I think I've maybe only cried or gotten myself into a rut thinking about Jonghyun like 2 or 3 times this year which is a feat. I still haven't listened to SHINee's The Story of Light albums after its original release save for the title tracks. His voice was just so integral to their sound for me that I can’t handle it. Even though I'm excited for them to be back, I don’t think that I can handle their sound without him. His voice was so special. He was so special to me.

I stopped not liking the song Yi Si Fuera Ella after YEARS of never listening to it after the first time. And the fact that a recently debuted idol could sing like that oh man. That man could SING.

Since his passing, I’ve struggled with the concept of an afterlife but I truly truly hope that it exists just so I can know that his soul living free away from torment. I don’t handle death very well so I think that this will always stick with me no matter how many years past.

tl;dr: i love Jonghyun so much. And I hope that the rest of you Shawols out there are doing okay on this day.

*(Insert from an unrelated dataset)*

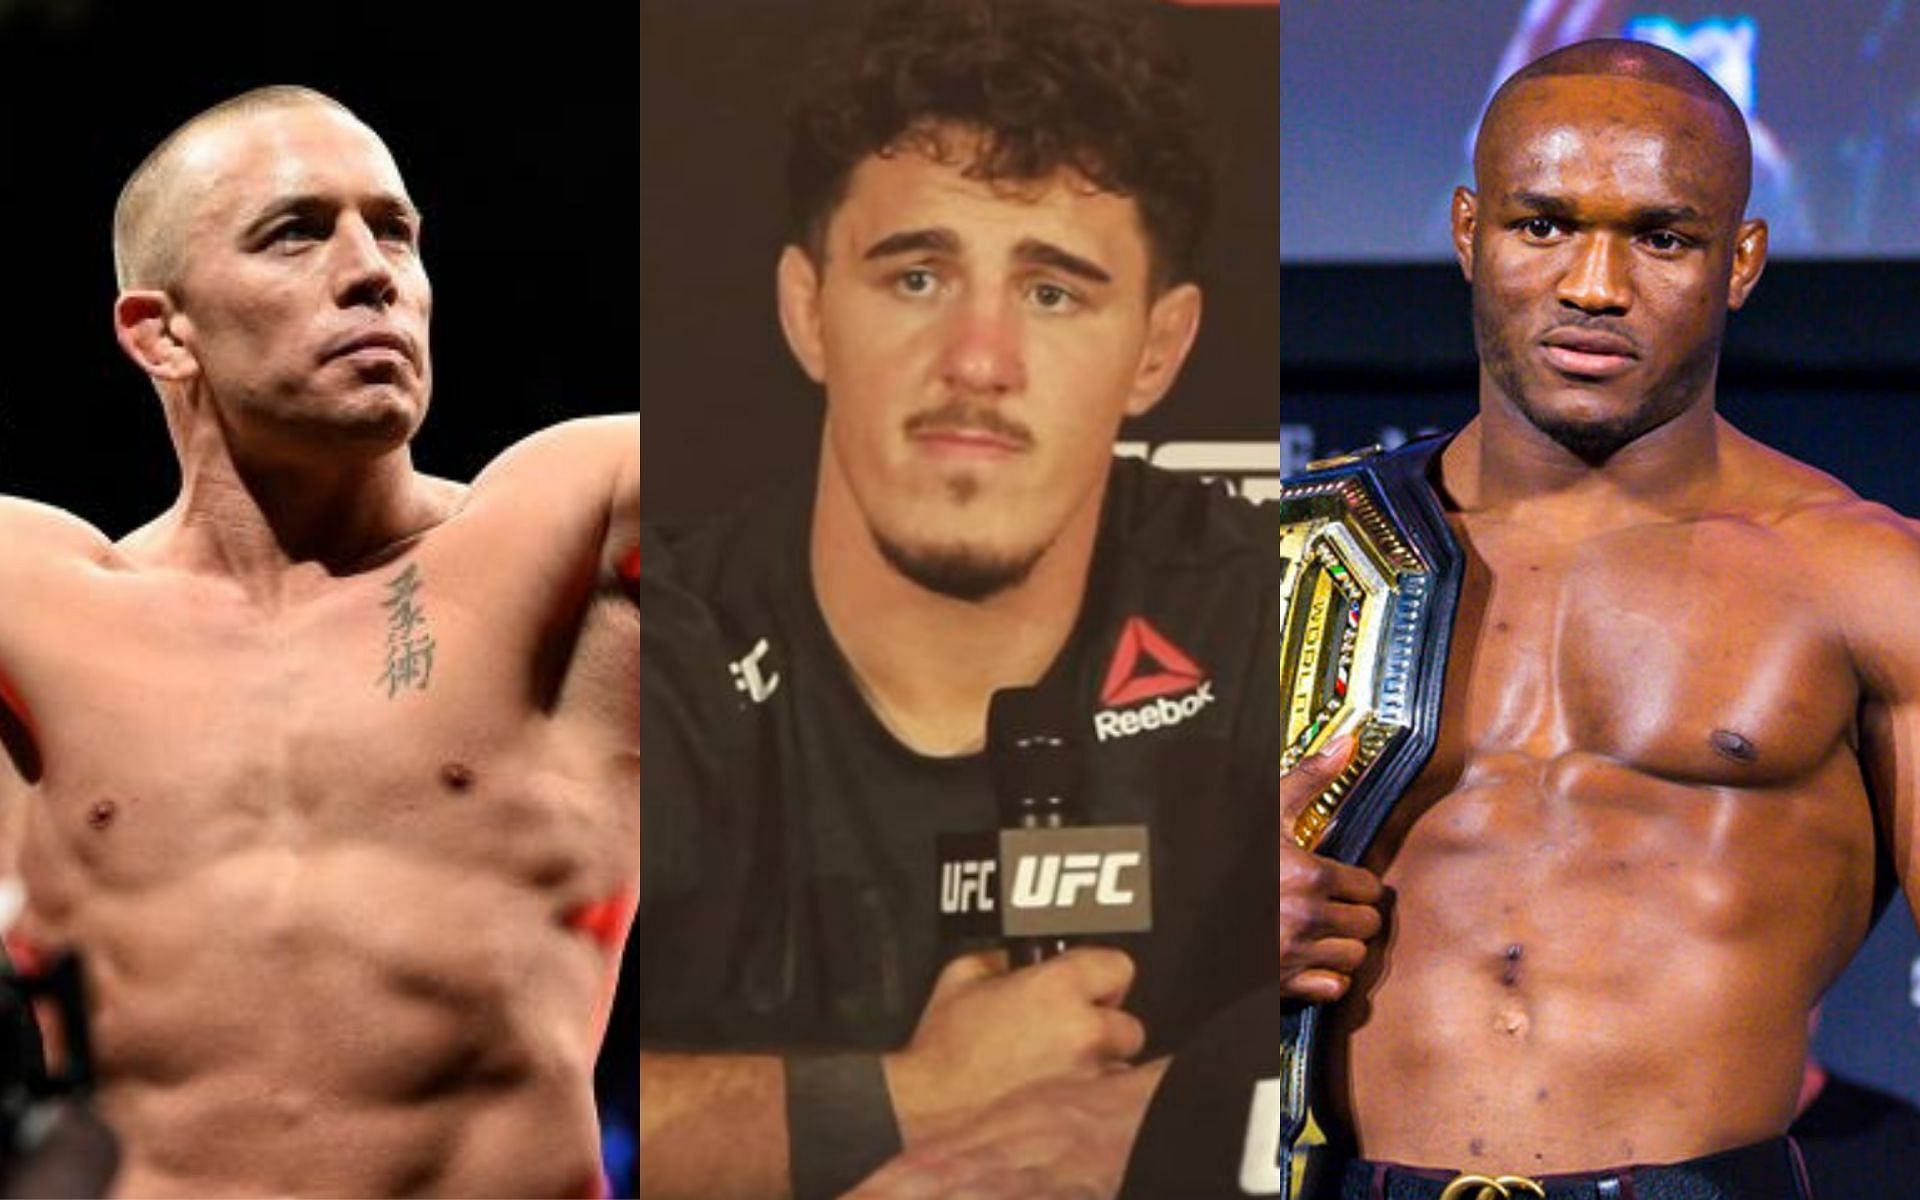 Georges St-Pierre (left. Image credit: UFC.com), Tom Aspinall (middle. Image credit: @tomaspinallofficial on Instagram), Kamaru Usman (right. Image credit: UFC.com)

Date: 2020-12-17 06:15 pm (UTC)
From: [identity profile] catharsiskat.livejournal.com
His voice really was unreal. The versatility, the tone, the STRENGTH. We really lost one of the greatest vocalists of all time. I do miss his presence so much when I listen to TSOL but it's also a beautiful album. It took me awhile to work up to listening to it though.

<3

(no subject)

From: [identity profile] joaniemaloney.livejournal.com - Date: 2020-12-17 08:11 pm (UTC) - Expand

Date: 2020-12-17 05:48 pm (UTC)
From: [identity profile] otraera.livejournal.com
i cant believe it's been 3 years :/

Date: 2020-12-17 06:03 pm (UTC)
From: [identity profile] sciencebottle.livejournal.com
I spent close to 10 years of my life being his fan.

I remember being 13 years old and being absolutely enamoured with Jonghyun for the longest, longest time. He was my absolute favourite- my most favourite idol. I watched every single show he was on, replayed every live that he’d do, learn all of his compositions on the piano. He really was my dream guy when I was young, and watching him grow into the person he became was...so cool, you know? How he cared about those around him, how he spoke about topics that no one seemed to want to talk about...I felt so proud to be his fan.

Kpop stopped being fun for me 3 years ago and I don’t know if it will ever be fun for me again, but I’m glad that I got to be his fan. These past three years have been an absolute shit show for me, but looking up at the moon and imagining that he’s up there has brought me a lot of comfort.

To Jonghyun: thank you for being such a vital part of my childhood and my life as a whole. I hope wherever he is now, that he’s singing his heart out and free from any of the pain he may have felt while he was here.

Date: 2020-12-17 06:16 pm (UTC)
From: [identity profile] catharsiskat.livejournal.com
Sending so much love to you <3

Date: 2020-12-17 07:03 pm (UTC)
From: [identity profile] vintage-boom.livejournal.com
<3<3<3

Three years already...I'll probably come back and post some thoughts later tonight/tomorrow but I'm just glad to have existed at the same time as Jonghyun and I hope his friends and family are doing ok.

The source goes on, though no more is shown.